Tuesday, March 01, 2005

Spending Prayers 

RCIA was cut rather short last night due to worsening weather. We talked about prayer and how we should approach God in prayer. We shouldn't treat God as some kind of sugar daddy in the sky, we shouldn't just plunk down our requests for what we want each night and leave it at that. So many people seem to request God to come into their own presence, rather than seeking to enter the presence of God: therefore, calm yourself in anyway you can and prepare yourself to enter into His presence.

Our priest said that the Lord's Prayer, the Our Father, is the most dangerous prayer: you ask God to forgive your trespasses as you forgive others -- and how many of us do a good job of forgiveness? You ask God that His will be done on Earth -- that's scary. The Lord's Prayer is the perfect prayer: think about it as you say it.

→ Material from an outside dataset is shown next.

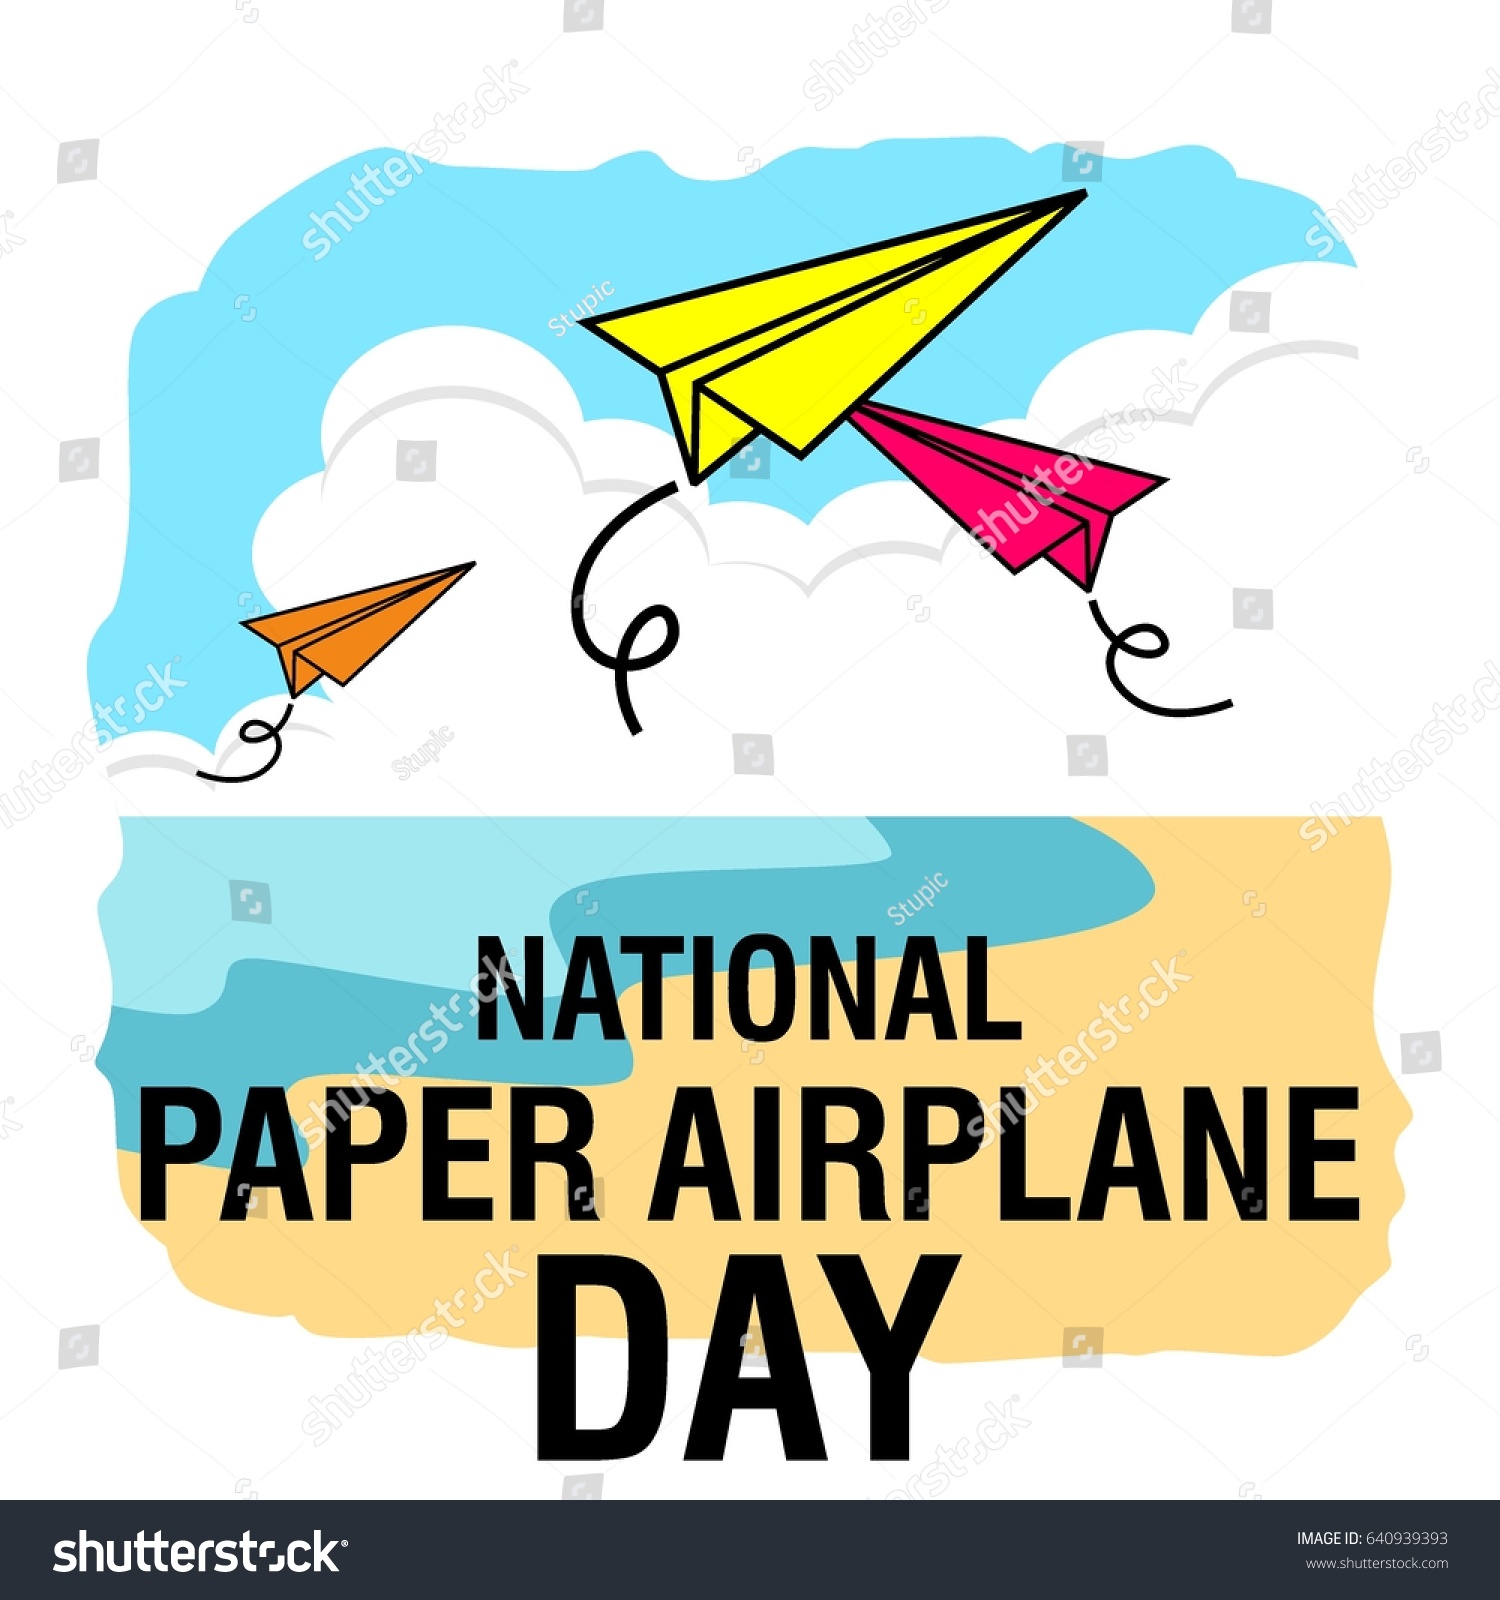 National Paper Airplane Day Illustration Stock Vector (Royalty Free

We talked about how easy it is to rush into Mass at the last minute, follow the rituals, and rush away. It's very easy to go on auto-pilot during Mass, especially for priests, and not even think about what you are doing and saying. So come early, 15 minutes, 20 minutes, 30 minutes early and pray that Mass will be meaningful, pray for focus.

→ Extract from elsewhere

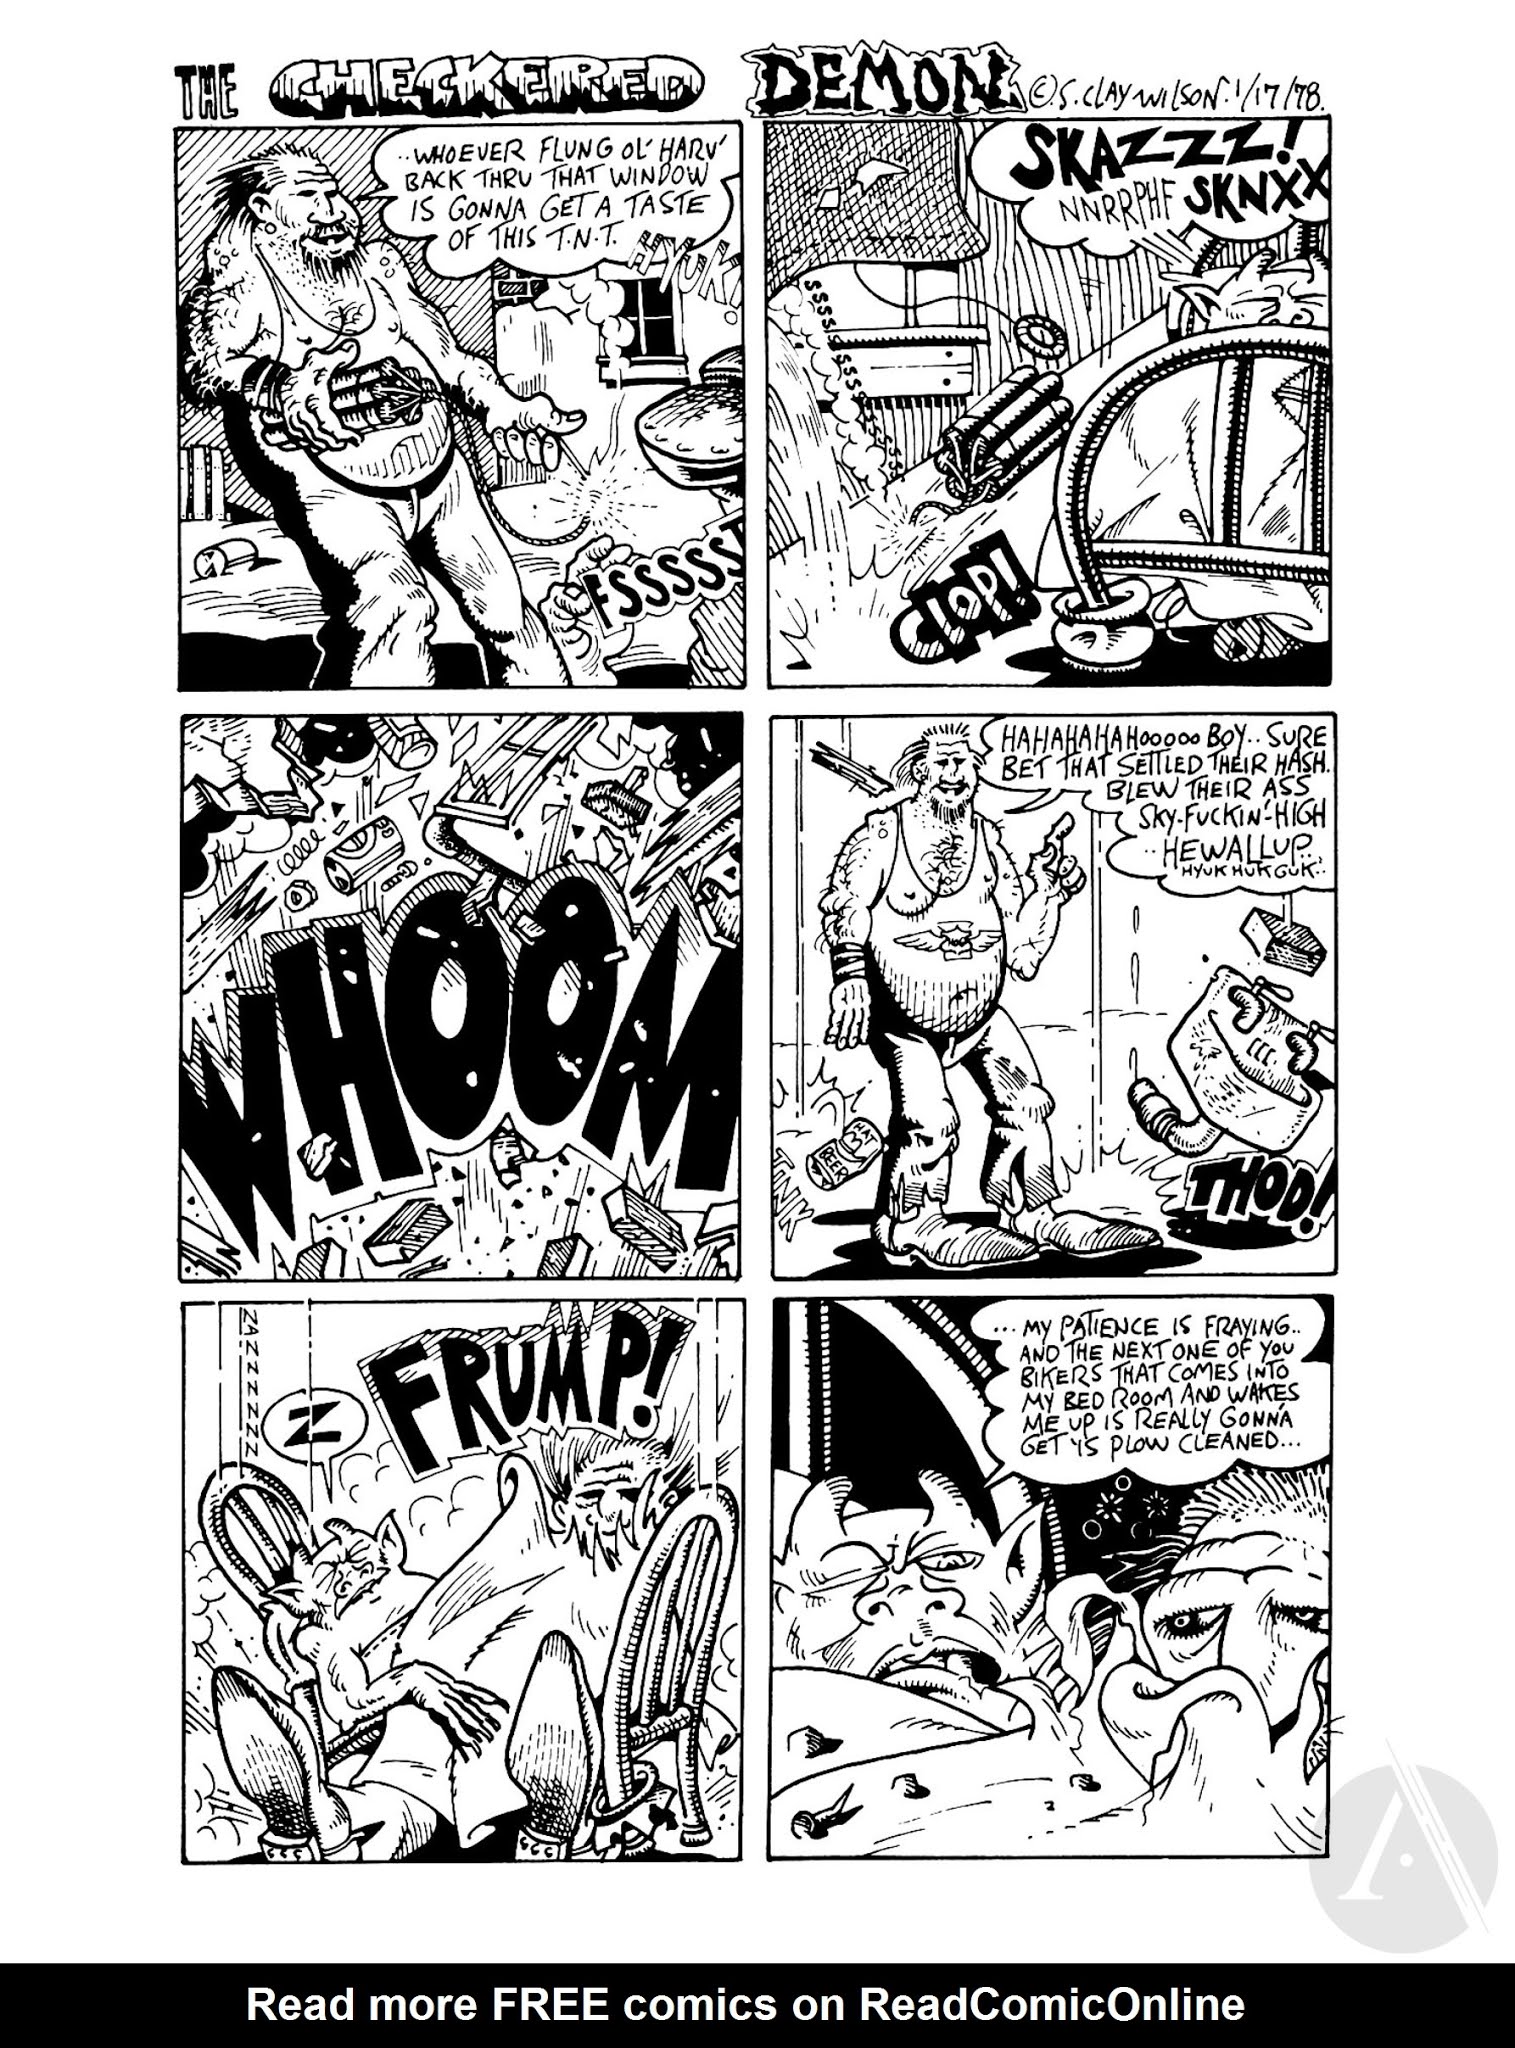 Read online The Collected Checkered Demon comic -  Issue # TPB (Part 2) - 12

This, brings up something I've been wanting to write about for awhile. We didn't cover this in RCIA last night or any other night. I've noticed since Amy Welborn has started gathering homily input each week (which is always a fascinating thread to read), that so many families struggle so with their children during Mass. I admire them. When we had three kids under four years old, we could hardly face Sunday mornings and we ended up staying away more often than not. I regret that now and it's something I needed to speak about in Confession. I pray every night for my grown children to be more spiritual when 20 years ago I could have fulfilled that prayer with just a little more effort and patience on my part. Oh, we took them to Sunday School and Bible School and even CCD in one case, but getting them ready for church and chasing them around the sanctuary and shushing them from playing during the service -- we just struggled to face it. It was so much easier to read the Sunday morning paper and watch the Blackhawk Bible Hour on TV while the kids played with legos, wasn't it. We've corrected our error now that it's easy to do so, with only one child who is young. So many prayers could have been spent on other causes now had we done a better job when we were young parents. So let that baby smell and let that baby cry and let those children squirm and talk and be kids -- but let them soak in where they are and what their parents are doing and caring about, too. It will make a difference one day.